Neonatal jaundice is a common and potentially fatal health condition in neonates, especially in low and middle income countries, where it contributes considerably to neonatal morbidity and death. Traditional diagnostic approaches, such as Total Serum Bilirubin (TSB) testing, are invasive and could lead to discomfort, infection risk, and diagnostic delays. As a result, there is a rising interest in non-invasive approaches for detecting jaundice early and accurately.

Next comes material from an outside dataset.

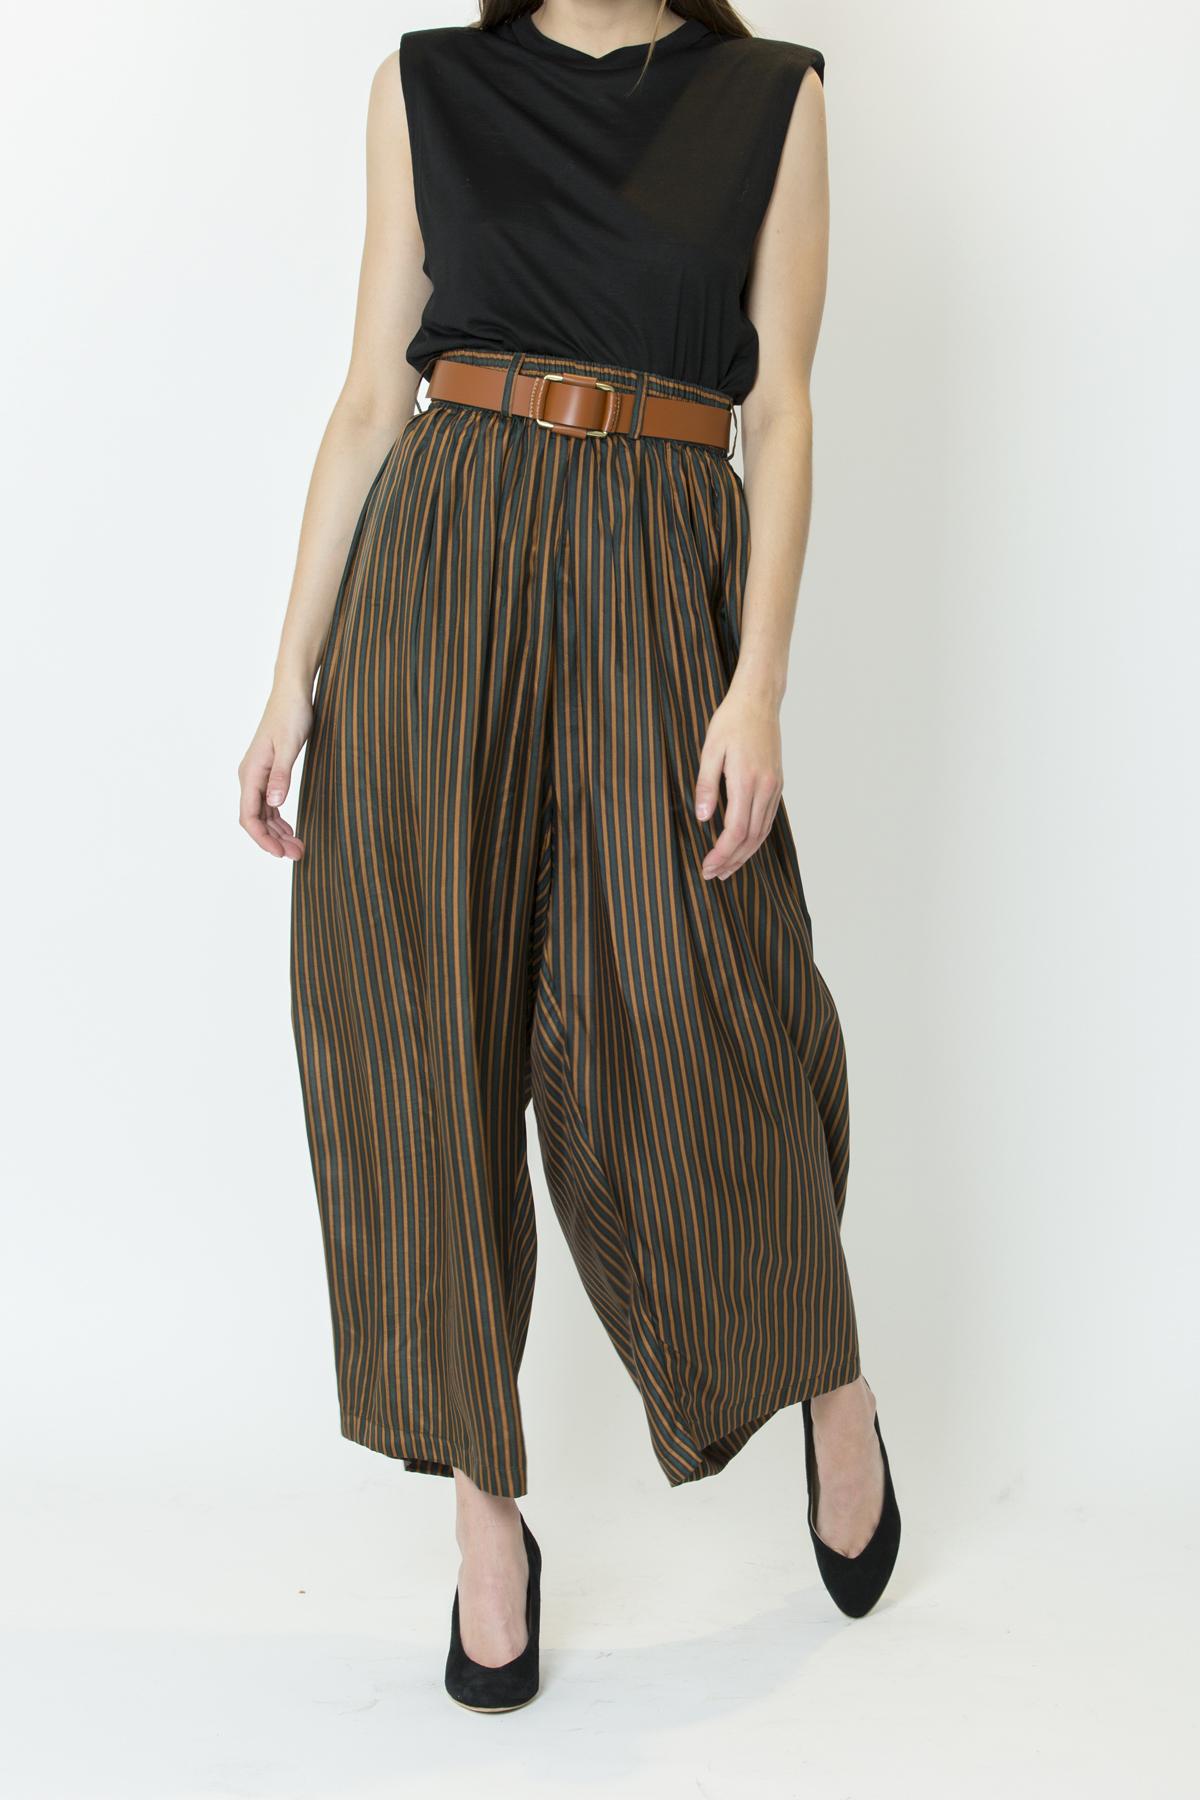 mesdemoiselles-matchboxathens-silk-stripes-volume-pants-green

An in-depth analysis of non-invasive techniques for detecting neonatal jaundice is presented by this review, exploring several AI-driven techniques, such as Machine Learning (ML) and Deep Learning (DL), which have demonstrated the ability to enhance diagnostic accuracy by evaluating complex patterns in neonatal skin color and other relevant features. It is identified that AI models incorporating variants of neural networks achieve an accuracy rate of over 90% in detecting jaundice when compared to traditional methods. Furthermore, satisfactory outcomes in field settings have been demonstrated by mobile-based applications that use smartphone cameras to estimate bilirubin levels, providing a practical alternative for resource-constrained areas. The potential impact of AI-based solutions on reducing neonatal morbidity and mortality is evaluated by this review, with a focus on real-world clinical challenges, highlighting the effectiveness and practicality of AI-based strategies as an assistive tool in revolutionizing neonatal care through early jaundice diagnosis, while also addressing the ethical and practical implications
of integrating these technologies in clinical practice. Future research areas, such as the development of new imaging technologies and the incorporation of wearable sensors for real-time bilirubin monitoring, are recommended by the paper.